Notation for Matrix Exponentials

Question

Just wondering if this is acceptable notation: For $$ A= \begin{bmatrix} 1 & 4\\ 2 & 3 \end{bmatrix}, $$ $$ e^{At}=\sum_{n=0}^{\infty}\frac{(At)^n}{n!}=I+At+\frac{(At)^2}{2!}+\frac{(At)^3}{3!}+\cdots $$ $$ I+ \begin{bmatrix} 1 & 4\\ 2 & 3 \end{bmatrix} t+ \frac{1}{3} \sum_{n=2}^{\infty} \begin{bmatrix} 1 & -2\\ 1 & 1 \end{bmatrix} \begin{bmatrix} 5^n & 0\\ 0 & (-1)^n \end{bmatrix} \begin{bmatrix} 1 & 2\\ -1 & 1 \end{bmatrix} t^n $$ Honestly looks very, very informal to me but I don't know any other way to represent a matrix exponential. Any suggestions?

Answer 1

Moo’s comment to your question provides some excellent links to materials on matrix exponentials. From them you can learn, among other things, that if $A$ is diagonalizable into $B\Lambda B^{-1}$, then $e^{tA}=Be^{t\Lambda}B^{-1}$, and that $e^{t\Lambda}=\operatorname{diag}(e^{\lambda_1t},\dots,e^{\lambda_nt})$ where the $\lambda_k$ are the eigenvalues of $A$ (repeated according to their multiplicities). Those notes go through some practical ways to compute the exponential of a non-diagonalizable matrix without having to compute a full Jordan decomposition, but upon a quick scan I didn’t see any mention of a way to compute the exponential of a diagonalizable matrix without computing an eigenbasis for it.

If a matrix $A$ is diagonalizable, it can be decomposed as $\lambda_1P_1+\cdots+\lambda_nP_n$, where the $\lambda_k$ are the distinct eigenvalues of $A$ and the $P_k$ are projections onto the corresponding eigenspaces such that $P_iP_j=0$ when $i\ne j$. Using this property and the fact that for any projection $P^2=P$, we can see that $e^{tA}=e^{\lambda_1t}P_1+\cdots+e^{\lambda_nt}P_n$. Thus, if you know that a matrix is diagonalizable, for instance when its eigenvalues are distinct, you can use this decomposition to compute its exponential.

This is particularly easy in the $2\times2$ case.
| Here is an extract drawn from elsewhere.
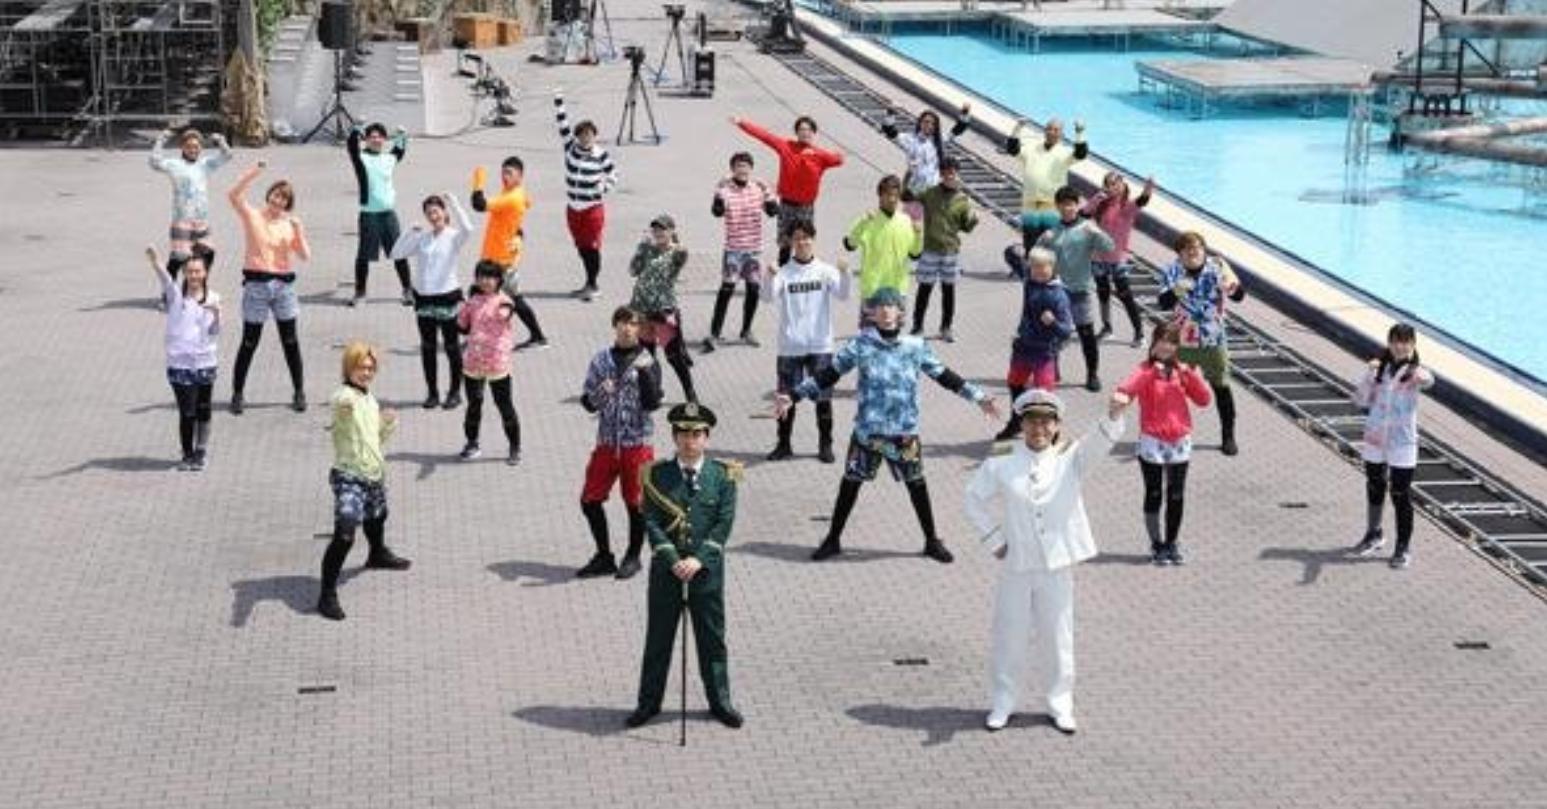 もう一人の日向坂46メンバーは丹生明里!5/16放送のフジテレビ特番「超水上サバイバル オチルナ!」加藤史帆と出演へ
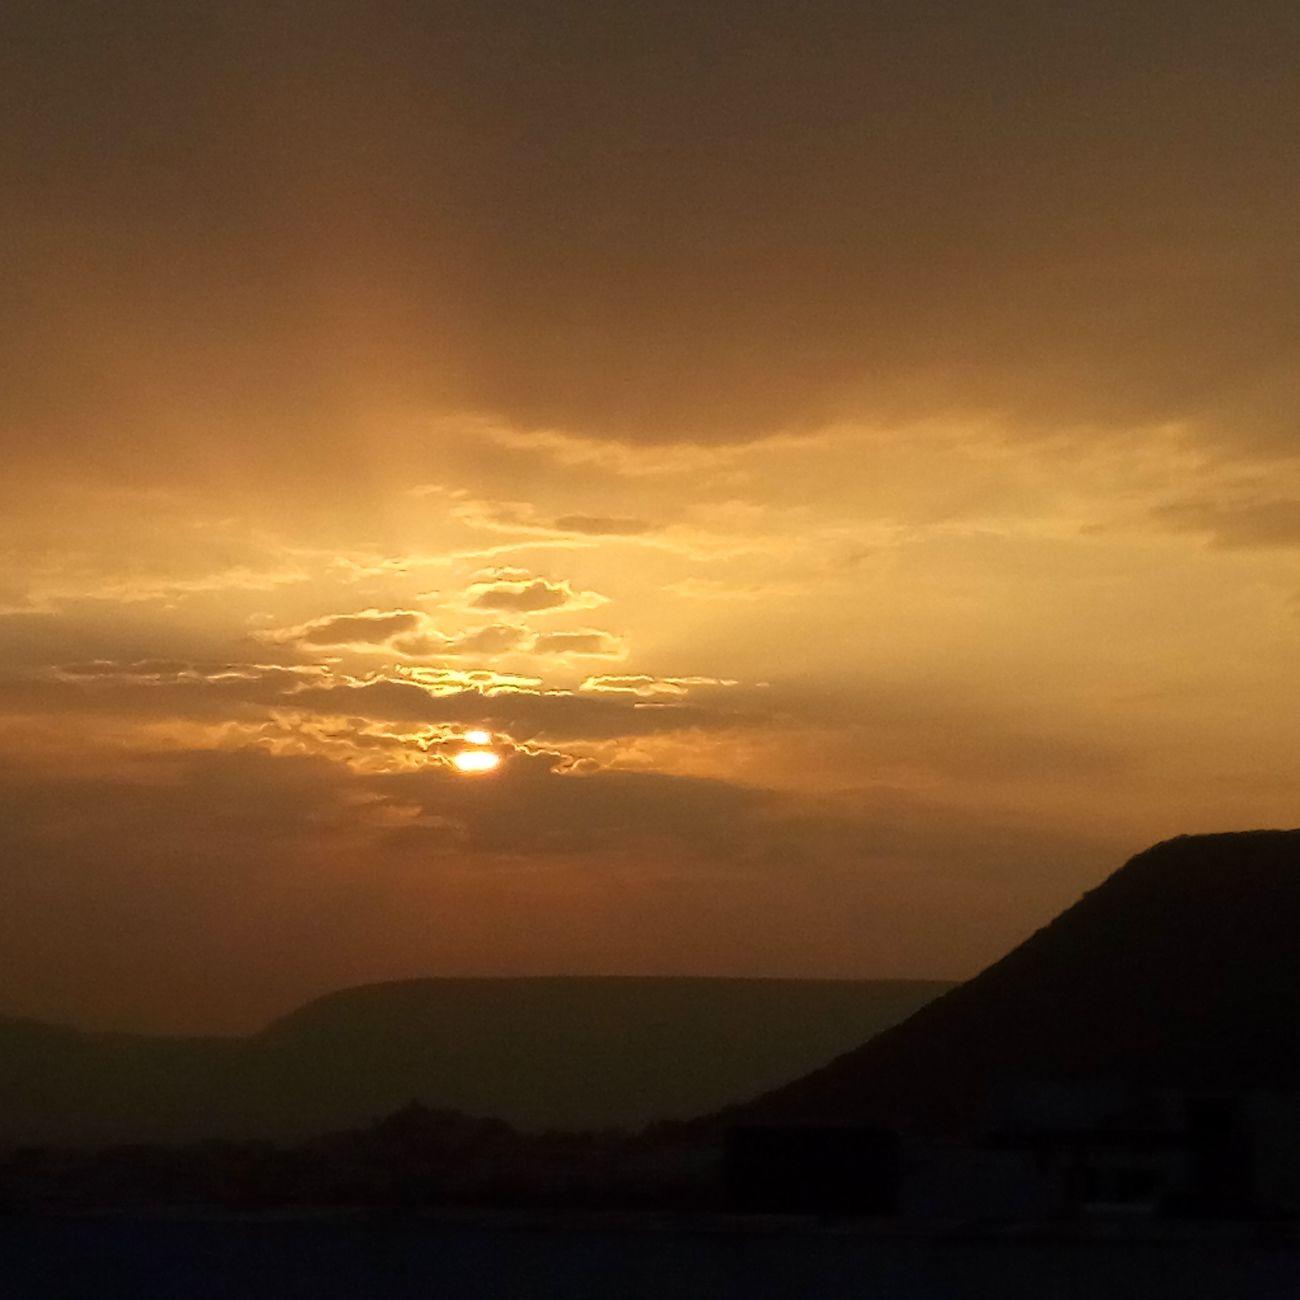 No sunset is ever the same. Visakhapatnam India_clicks Sunsetporn Followme Follow4follow Followback likeforlike #likemyphoto #qlikemyphotos #like4like #likemypic #likeback #ilikeback #10likes #50likes #100likes 20likes likere

Define $$P_1={A-\lambda_2I\over\lambda_1-\lambda_2} \\ P_2={A-\lambda_1I\over\lambda_2-\lambda_1}.$$ You can verify that $A=\lambda_1P_1+\lambda_2P_2$. For your matrix, the eigenvalues are $5$ and $-1$, so we have $$P_1=\frac16\begin{bmatrix}2&4\\2&4\end{bmatrix} \\ P_2=-\frac16\begin{bmatrix}-4&4\\2&-2\end{bmatrix}$$ and $$e^{tA}=\frac13e^{5t}\begin{bmatrix}1&2\\1&2\end{bmatrix}+\frac13e^{-t}\begin{bmatrix}2&-2\\-1&1\end{bmatrix}=\frac13\begin{bmatrix}e^{5t}+2e^{-t}&2e^{5t}-2e^{-t}\\e^{5t}-e^{-t}&2e^{5t}+e^{-t}\end{bmatrix}.$$ This method of constructing the eigenspace projections has a fairly straightforward generalization to higher dimensions.